[Public Papers of the Presidents of the United States: William J. Clinton (1998, Book I)]
[April 7, 1998]
[Pages 511-514]
[From the U.S. Government Publishing Office www.gpo.gov]



Remarks to a National Forum on Social Security in Kansas City, Missouri
April 7, 1998

    Thank you very much, ladies and gentlemen. Good morning. Thank you, 
Governor Carnahan, for your leadership on so 
many areas and your friendship. I'd like to thank the leaders of this 
fine institution for welcoming us here and for the mission they perform 
every day.
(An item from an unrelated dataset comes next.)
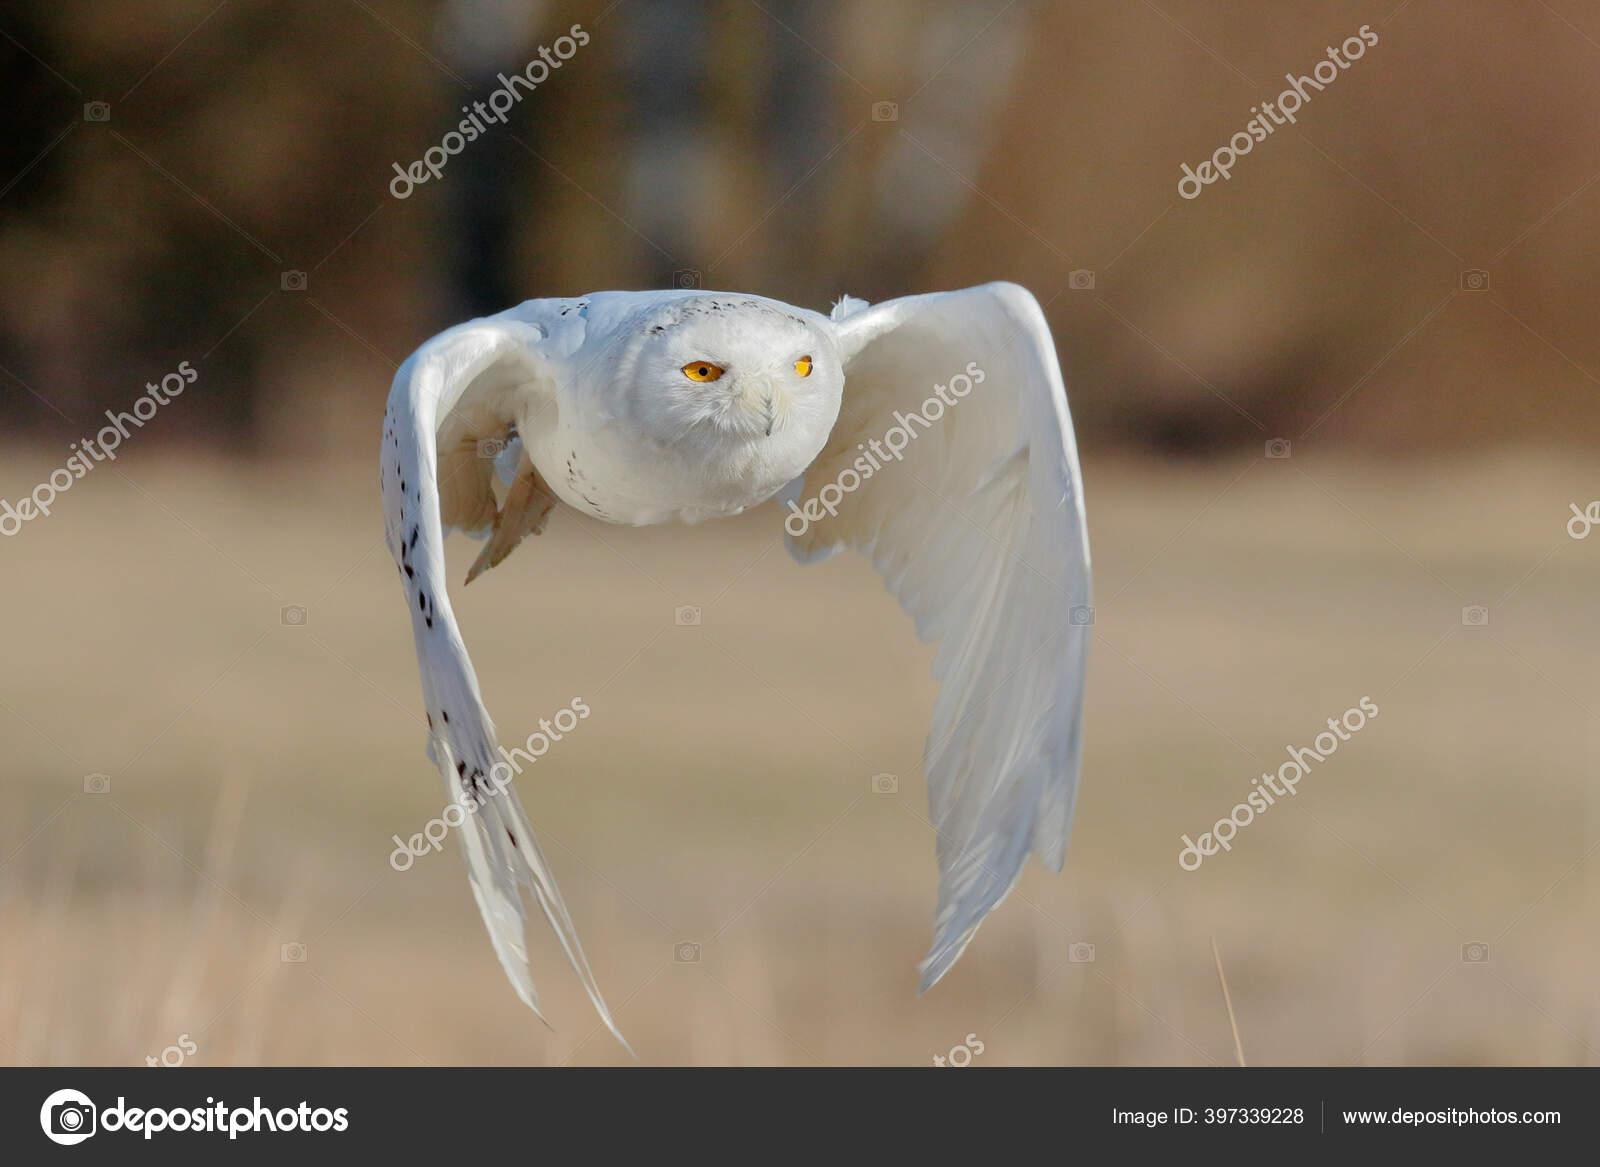 Seekor Burung Hantu Putih Besar Yang Kuat Dengan Mata Kuning Stok Foto C Danieldunca 397339228

I thank Senators Kerrey and 
Santorum for their concern--longstanding--for 
Social Security reform and their presence here, and Representatives 
Hulshof and Pomeroy, who are participating in the program, and Representative 
McCarthy and also Representative David 
Dreier from California, who is a native of 
Kansas City, who are here.
    I thank the members of our administration who have come, who will be 
participating: the Director of the Office of Management and Budget, 
Frank Raines; the Deputy Secretary of the 
Treasury, Larry Summers; the Director of 
the National Economic Council, Gene Sperling; 
and the Administrator of Social Security, Ken Apfel.
    Attorney General Nixon, Treasurer 
Graeber, Insurance Commissioner 
Sebelius, thank you all for being here. 
Mayor Cleaver, thank you for hosting us. 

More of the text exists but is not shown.